Jutila D B, Kurk S, Jutila M A
Montana State University, Bozeman 59717.
Immunol Lett. 1994 Jun;41(1):49-57. doi: 10.1016/0165-2478(94)90056-6.
All leukocytes, except some subsets of lymphocytes, express Ly-6C. However, virtually all of the regulation studies of this antigen have been done on lymphocytes only. Recently we showed that monocytes and neutrophils express 10-100 times the level of Ly-6C expressed by lymphoid cells. We compared Ly-6C expression on neutrophils and monocytes following short-term cell activation induced by C5a or phorbol esters or treatment with phosphatidylinositol-specific phospholipase-C (PI-PLC). Activation of the neutrophil led to a rapid ( < 30 min) increase in surface expression of Ly-6C, but similar treatment had little effect on or slightly diminished the expression of the monocyte molecule. Prolonged treatment of the monocyte with IFN-gamma (24 h) led to increased Ly-6C expression. Low doses of TNF-alpha inhibited the up-regulation of Ly-6C induced by IFN-gamma. Similar to what has been described for the lymphocyte, the monocyte form of Ly-6C was hydrolyzed by PI-PLC treatment within 30 min. In contrast, the neutrophil molecule was unaffected by PI-PLC for up to 2 h. SDS-PAGE Western blot analysis demonstrated that the neutrophil and monocyte molecules were in the same molecular weight range (14-18 kDa Mr). Our results clearly show differences in the regulation of Ly-6C expression on monocytes versus neutrophils. Thus, it is likely that the potential function of Ly-6C will be unique for each cell.
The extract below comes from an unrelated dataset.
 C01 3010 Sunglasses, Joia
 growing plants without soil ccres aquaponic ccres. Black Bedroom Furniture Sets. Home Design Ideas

除某些淋巴细胞亚群外,所有白细胞均表达Ly-6C。然而,实际上对该抗原的所有调控研究仅在淋巴细胞上进行。最近我们发现,单核细胞和中性粒细胞表达的Ly-6C水平是淋巴细胞的10至100倍。我们比较了在C5a或佛波酯诱导的短期细胞活化后,或用磷脂酰肌醇特异性磷脂酶-C(PI-PLC)处理后,中性粒细胞和单核细胞上Ly-6C的表达。中性粒细胞的活化导致Ly-6C表面表达迅速(<30分钟)增加,但类似处理对单核细胞分子的表达几乎没有影响或略有降低。用IFN-γ对单核细胞进行长时间(24小时)处理会导致Ly-6C表达增加。低剂量的TNF-α抑制IFN-γ诱导的Ly-6C上调。与淋巴细胞的情况类似,单核细胞形式的Ly-6C在PI-PLC处理后30分钟内被水解。相比之下,中性粒细胞分子在长达2小时内不受PI-PLC影响。SDS-PAGE Western印迹分析表明,中性粒细胞和单核细胞分子的分子量范围相同(Mr为14 - 18 kDa)。我们的结果清楚地显示了单核细胞与中性粒细胞在Ly-6C表达调控上的差异。因此,Ly-6C的潜在功能在每个细胞中可能都是独特的。